SOPA Necessary To Protect Our Safety, According To RIAA VP

    January 6, 2012
    Josh Wolford
    Comments are off for this post.

As staunch supporters of the Stop Online Piracy Act, it comes as no surprise that the RIAA would scoff at the OPEN Act, a measure proposed by Congressman Darrell Issa and Senator Ron Wyden.

It’s just the argument that is unbelievable, although nothing at this point should really be unbelievable.

The OPEN Act is a sort of alternative to SOPA that is similar in many ways and vastly different in others. The main difference that RIAA Executive Vice President Mitch Glazier touches on in a recent blog post has to do with what arm of the federal government aids in the enforcement of copyright infringement claims, and how they go about it.

Basically with SOPA, we all know that sites deemed “rogue” and perpetrators of illegal activity will face annihilation with the simple accusation of wrongdoing. With SOPA, the Department of Justice would be responsible in enforcing the “infringements.” We’ve extensively discussed the potential damage that SOPA could do the the free web, and fully oppose it in every way possible.

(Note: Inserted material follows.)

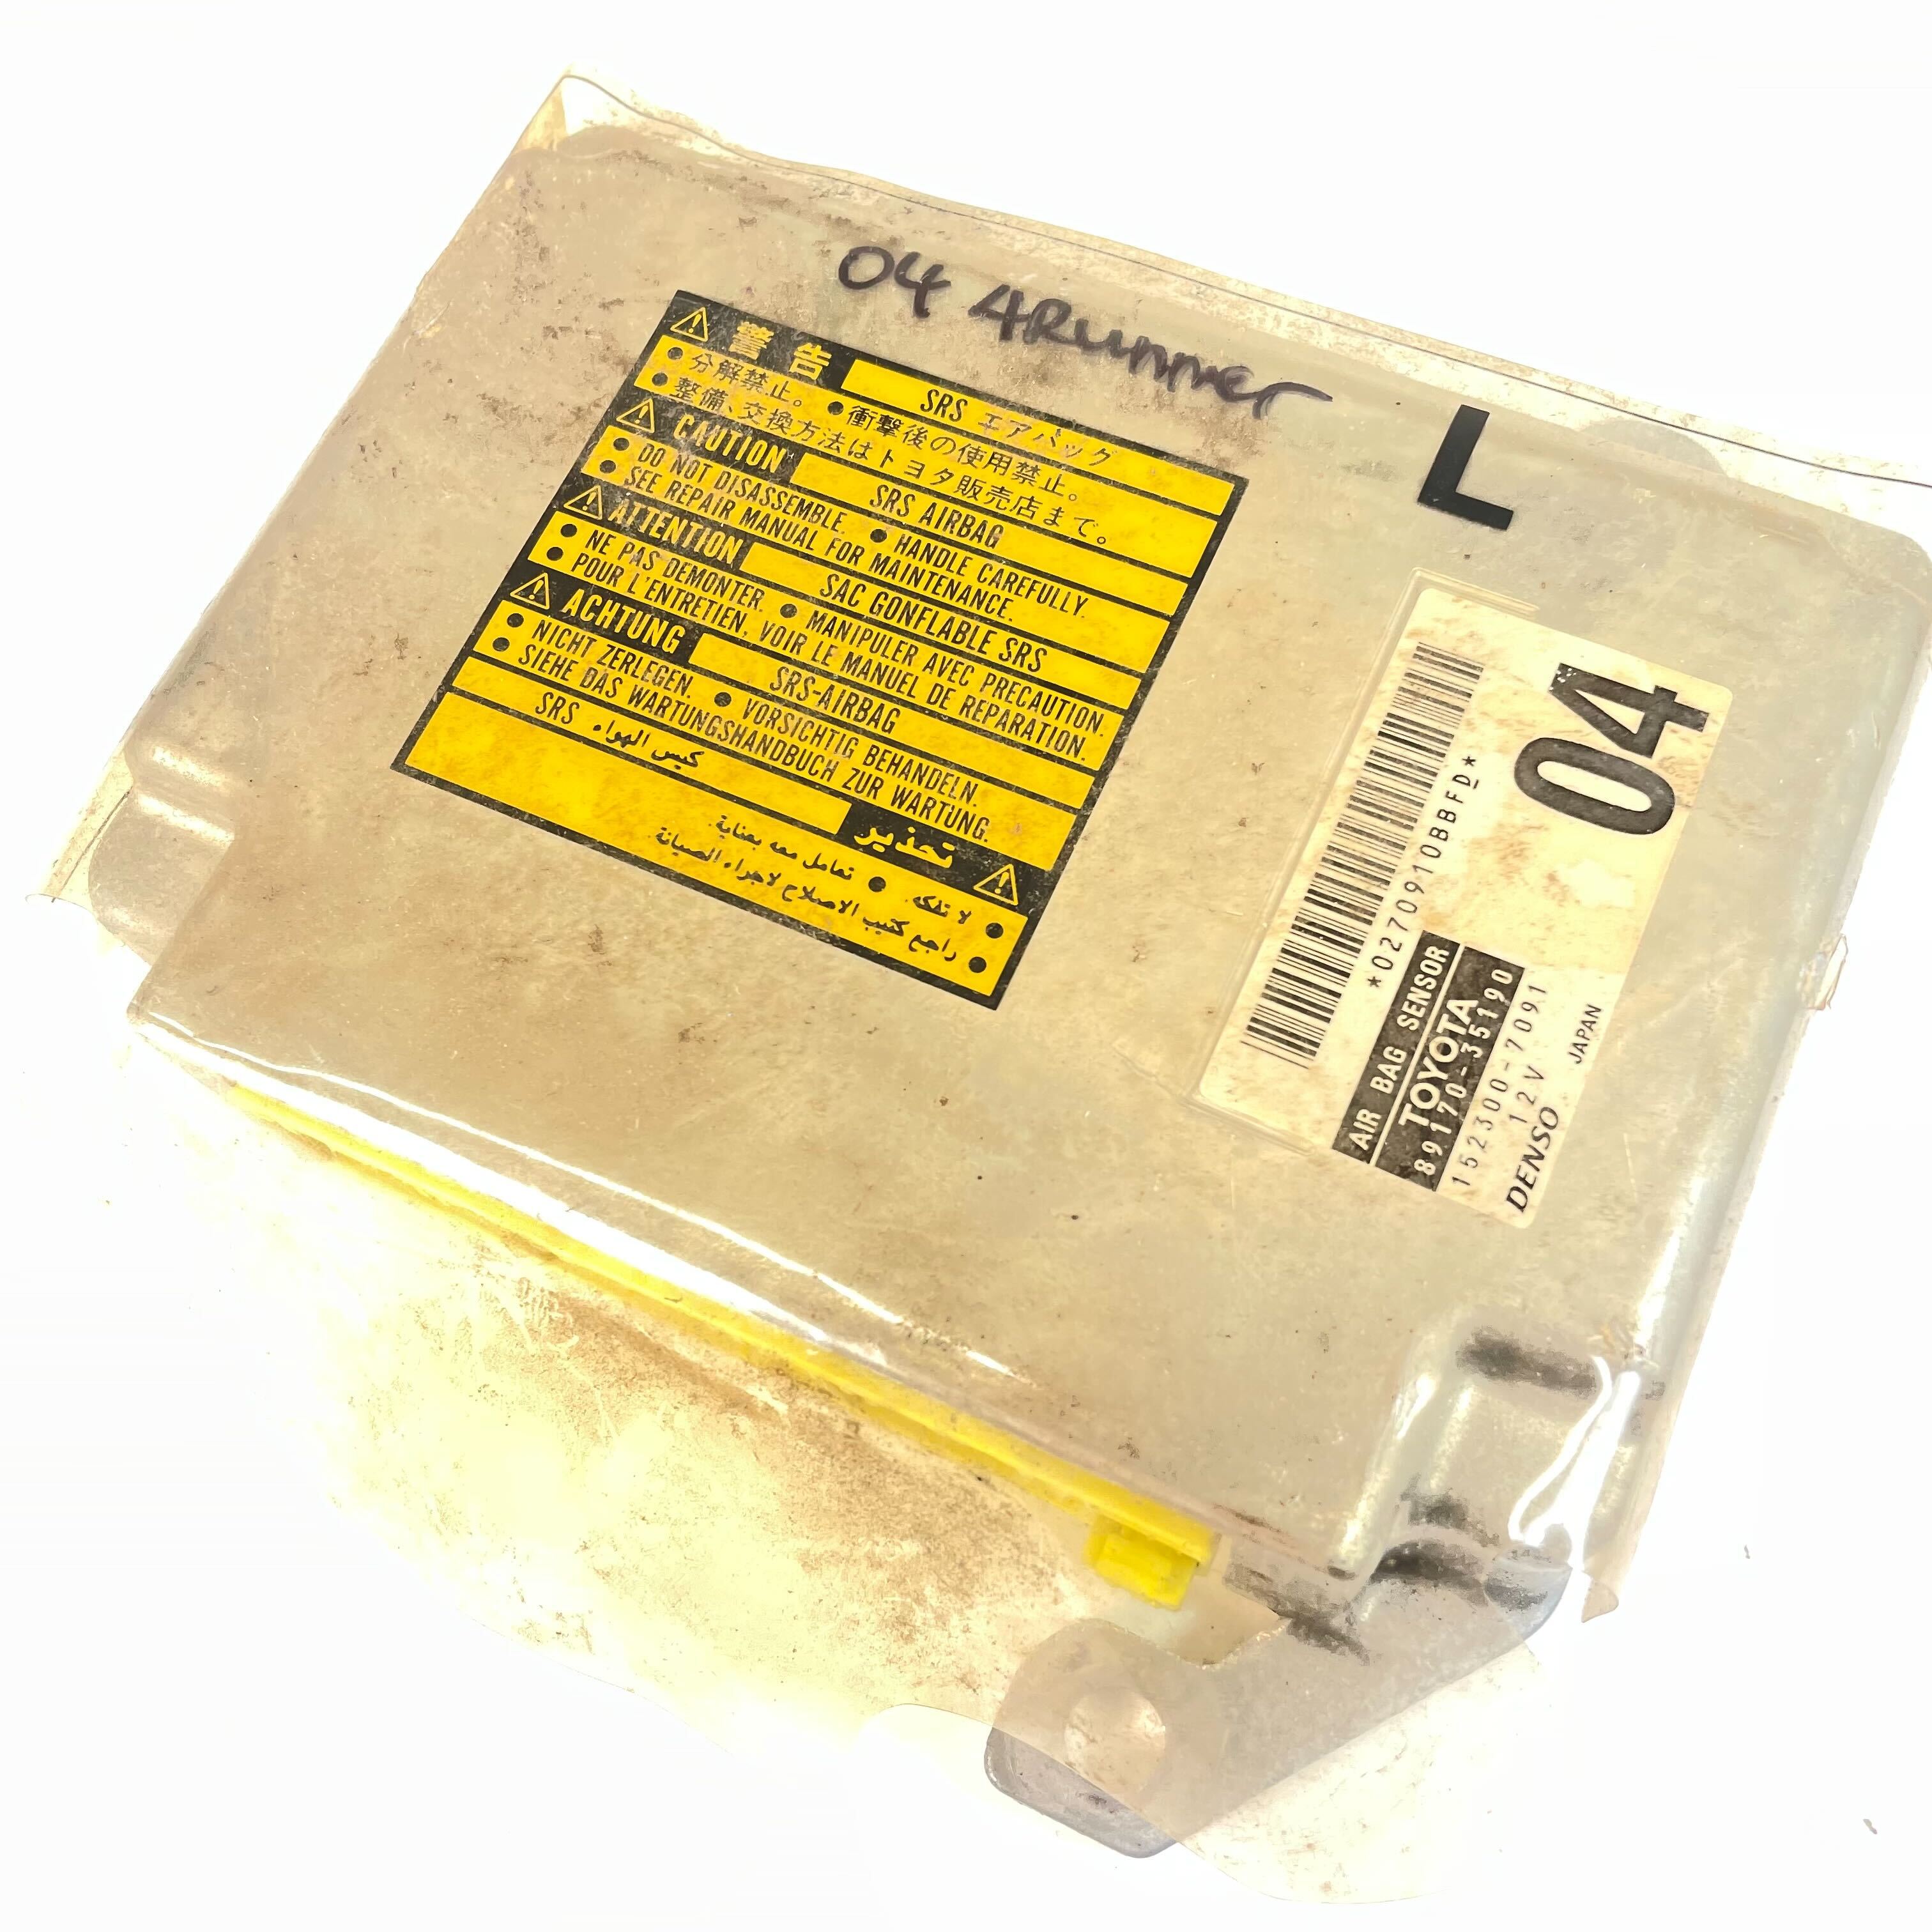 TOYOTA 4 RUNNER SRS Airbag Computer Diagnostic Control Module PART #8917035190

With OPEN, rights-holders that feel infringed upon would file a petition with the International Trade Commission, an independent agency that, among other things, deals with patent disputes. They would investigate, and actions would only be taken once the accused sites were deemed “rogue sites.”

That’s too slow of a process for Mitch Glazier, who writes that we can’t sit around waiting while filesharing threatens our safety and security. As Jamie Keene at The Verge points out, Glazier’s blatant fearmongering basically amounts to calling online piracy a threat to national security.

Check out the blog post in its entirety:

The U.S. International Trade Commission (ITC) recently reported that it will delay ruling on an important patent infringement claim brought by well-known camera company Kodak against smartphone makers Apple and Research In Motion (RIM). The case, originally filed in January 2010, now anticipates a ruling in September 2012. The delay now means that the ITC will have taken 33 months to decide on a high-stakes and time-sensitive issue. So this is the “expedited” process SOPA opponents are embracing as an alternative in the proposed OPEN bill?

SOPA was introduced to address the devastating and immediate impact of foreign rogue sites dealing in infringing and counterfeiting works and products. Every day that these sites operate without recourse can mean millions of dollars lost to American companies, employees, and economy, and an ongoing threat to the security and safety of our citizens. Why in the world would we shift enforcement against these sites from the Department of Justice and others who are well-versed in these issues to the ITC, which focuses on patents and clearly does not operate on the short time frame necessary to be effective? In addition, the remedy traditionally offered by the ITC – an exclusion order to prevent foreign criminals from accessing the US market – is precluded under the OPEN Act.

More proof why the OPEN Act is not a meaningful solution to a serious problem.

Ars Technica has a good overview of what’s good and bad about OPEN, and the act definitely has its flaws. But according to Mitch Glazier, one of those flaws is basically the “letting the terrorists win” argument, in sharper language.

No, screw the OPEN ACT. Let’s roll with SOPA, because given the track record of the DOJ when it comes to censoring sites as of late, it only makes sense to give them a hair trigger.


    Funny thing is that these Major labels are also called Multi-National Corporations “MNC” and like every good MNC everyday they operate they make more money albeit overseas, pay less royalties to rights holders and US taxes. Since we export a drop in the global bucket (est 2b 27 billion) we know the money isn’t here.

    Want to help America BuyINDIEsupportLOCALS.org or continue to entertain our economy to death while the MNC halliburtonize another US industry. While we’re at it maybe we need to have a label letting the consumer/fan know if it’s US MADE MUSIC.

    For you kids in the 80&90s the #1 export of the USA was what?

  • http://www.facebook.com/notes/security-camera/samsung-galaxy-reviews-samsung-android-galaxy-tablet/289307284441297 SAMSUNG GALAXY REVIEWS

    Indeed, the Act must be made to avoid crime in the online world

  • Eric

    Yes, because Movies and Music (which I suppose are the mayor goal here) are ruled by patents, right?

    Like Mike from TechDirt said, they want this to be “shot and them ask” strategy. Disgusting.

  • http://blog.texxsmith.com texxs

    So in the given example all of Apples and RIM’s web sites that mention the product that Kodak think violates it’s patents should be confiscated immediately?
    Apple and RIM don’t deserve their say in court?
    That’s some flawed logic especially when you realize that Apple and RIM are corporations not citizens protected from search and SEIZURE by the Constitution of the United States.